U.S. Business Travelers Have a Better Grip on Compliance Issues, Report Says
A new report from American Express Global Business Travel found that U.S. employees had a better understanding of employers’ rules for business travel than counterparts in other countries and were less likely to “go rogue.”
Corporate travel policies are complex beasts, and in many countries around the world, compliance is a big problem.
One of those countries, however, is not the United States, where nearly 80 percent of workers claim to be “extremely familiar” with the policy, according to a new report from American Express Global Business Travel.
The company’s new Traveler 360º report [registration] found that just 21 percent of U.S. employees agreed with the sentiment that their company didn’t have a clear business travel policy—less than half that of other countries surveyed, including France (59 percent), Germany (58 percent), the U.K., India (53 percent each), Singapore (51 percent), and Australia (46 percent). This strong understanding of the travel policy among American employees seems to be a major reason why just 40 percent of U.S. workers say they “go rogue” on compliance—far lower than any other country.
The report emphasizes that the United States’ status as one that follows compliance rules is relatively unique.
“Regardless of how strict or relaxed their companies are on policy compliance, most travelers report not following the rules all the time,” the report states. “Here again, the U.S. is the only country that appears to be an outlier.”
So what makes an employee go rogue, anyway? According to the report, safety, convenience, and client proximity were major factors for breaking the rules.
The report suggested incentives, including paycheck bonuses associated with better compliance, was an effective strategy. (That said, a third of U.S. employees emphasized they did not need incentives to follow policy, far above every other country surveyed.)
Other key points of the report:
Reporting? Not so bad. As with other parts of the report, issues with booking and expensing were far less pronounced in the U.S. than with other countries. American employees were generally less likely than most other countries to book within two weeks of a trip, and expressed fewer complaints with the amount of time expense reporting and reimbursement took.
Pain points? Maintaining balance. Among U.S. business travelers, comfort and convenience seemed to be the biggest issues at play. When asked to highlight their three biggest challenges, U.S. employees cited day-to-day workload, being away from family, and travel outside of normal business hours (on nights, weekends, or holidays). But that wasn’t the case across the globe: While Australian employees picked the same three items in the same order, French employees focused on security issues.

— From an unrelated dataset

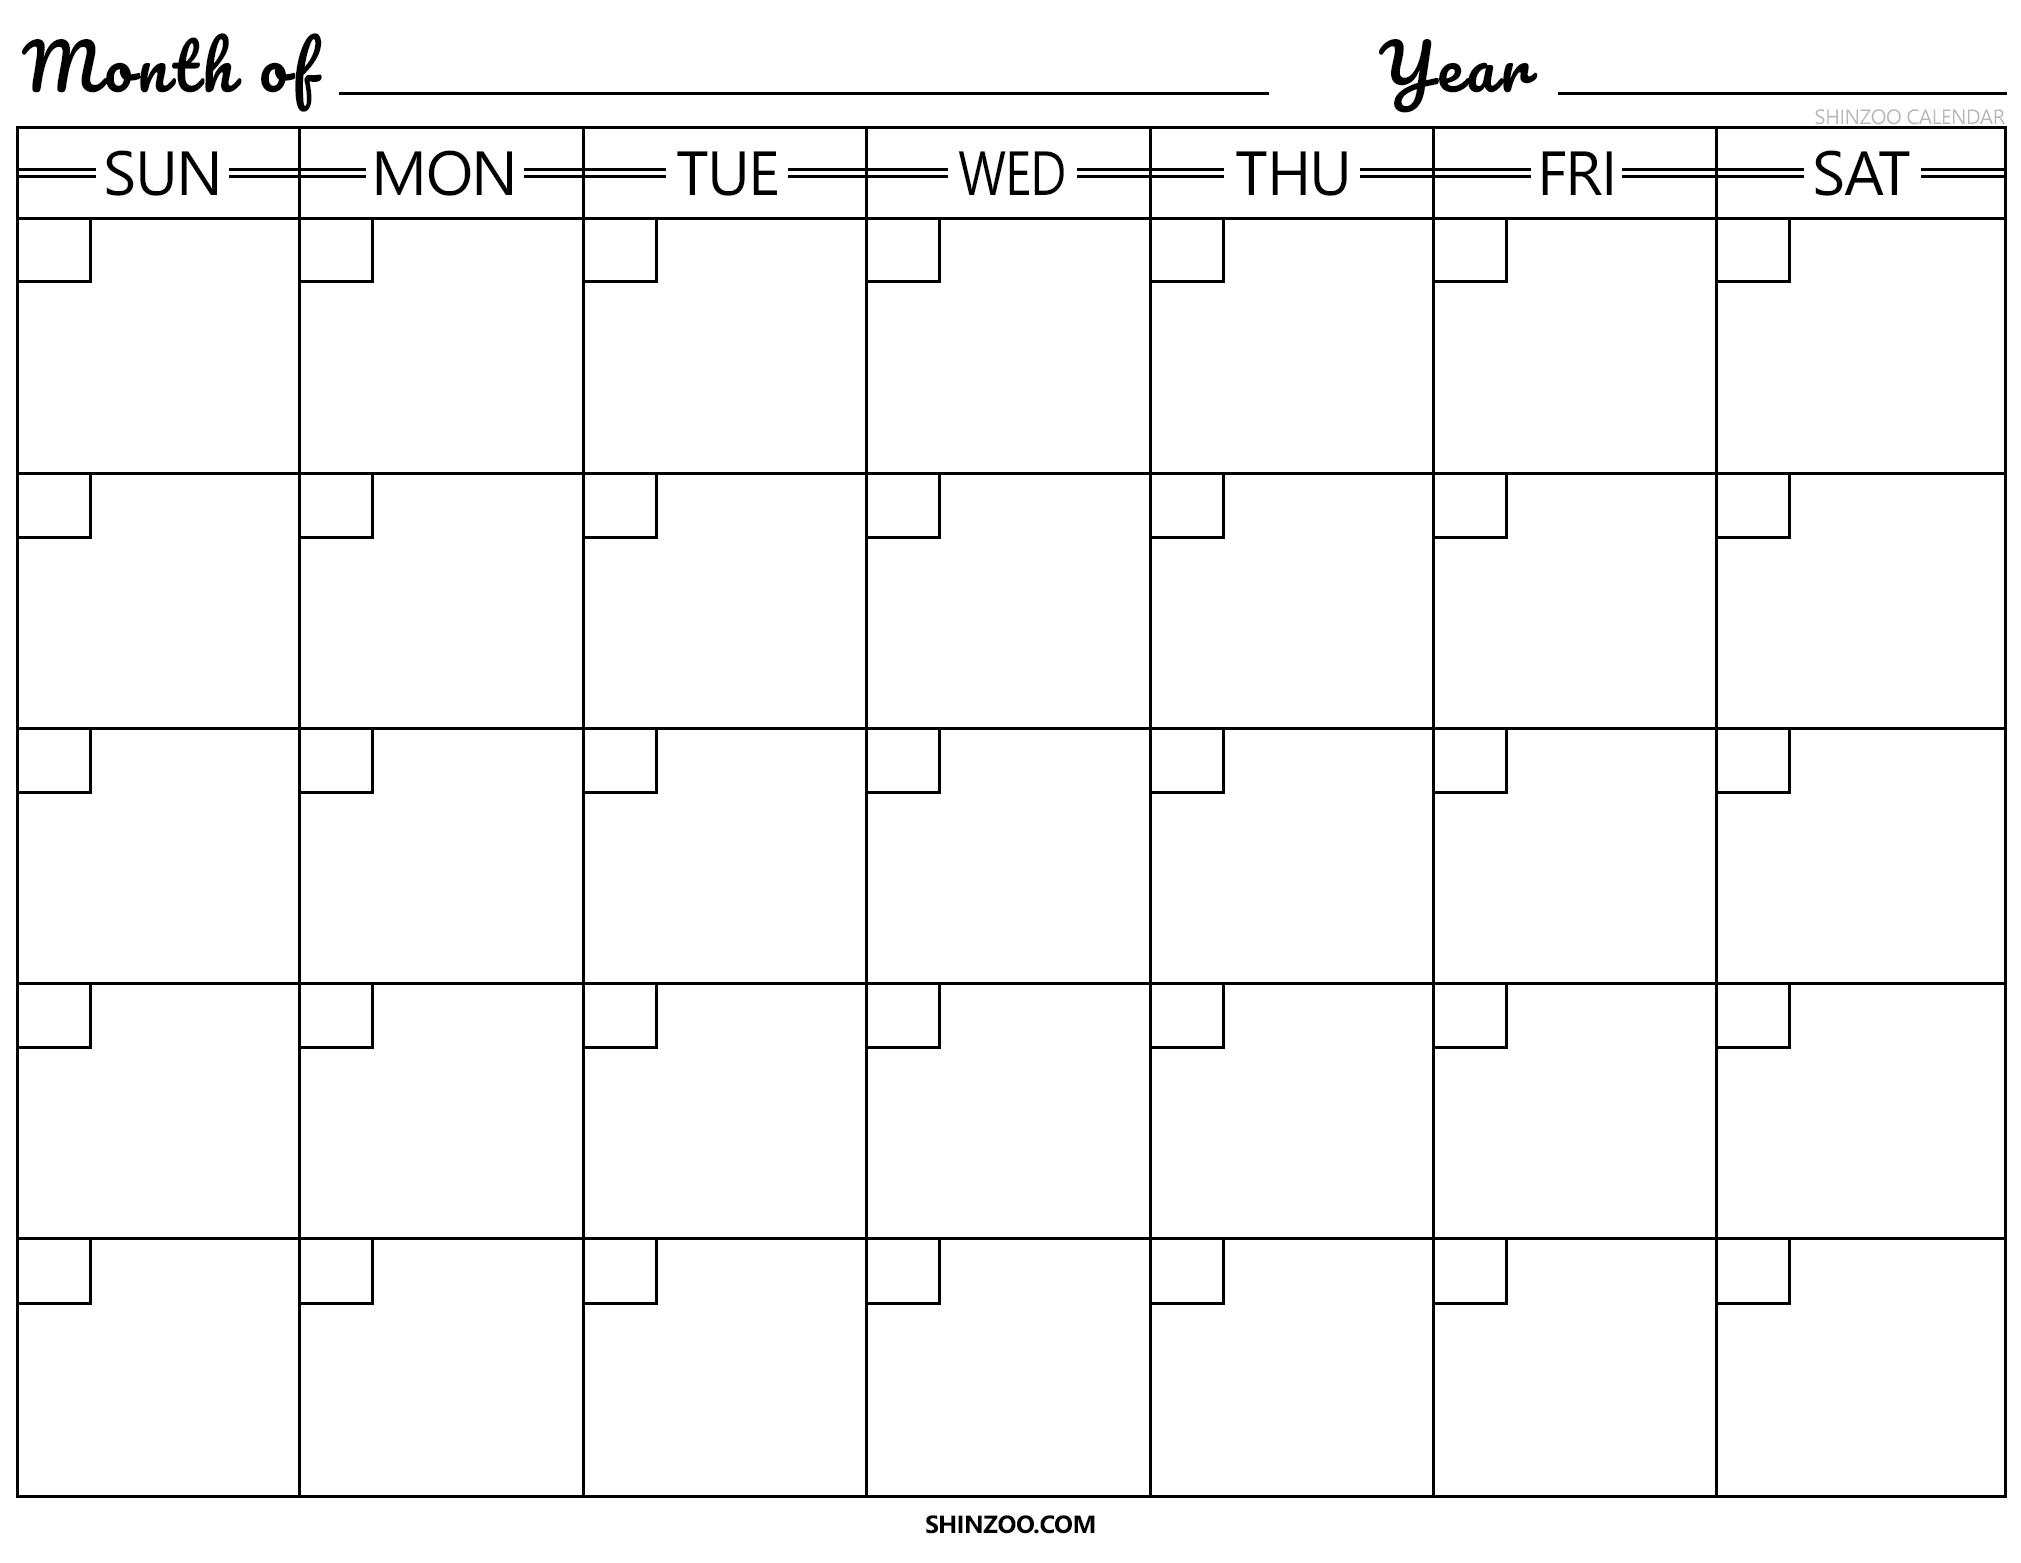 Blank Calendar Template 2019 2020 Printable regarding Fill In The Blank Calendar

Monitoring? No thanks. One thing that American business travelers don’t like is an employer who too aggressively attempts to track their every movement. Just 46 percent of U.S. employees said they were OK with their employer knowing where they were at all times, while 65 percent said their employer did not need to know. As far as communication, Americans seem to be fine with the level of interaction they have with their employer—just 16 percent said they felt their employer didn’t do enough to keep communication lines open.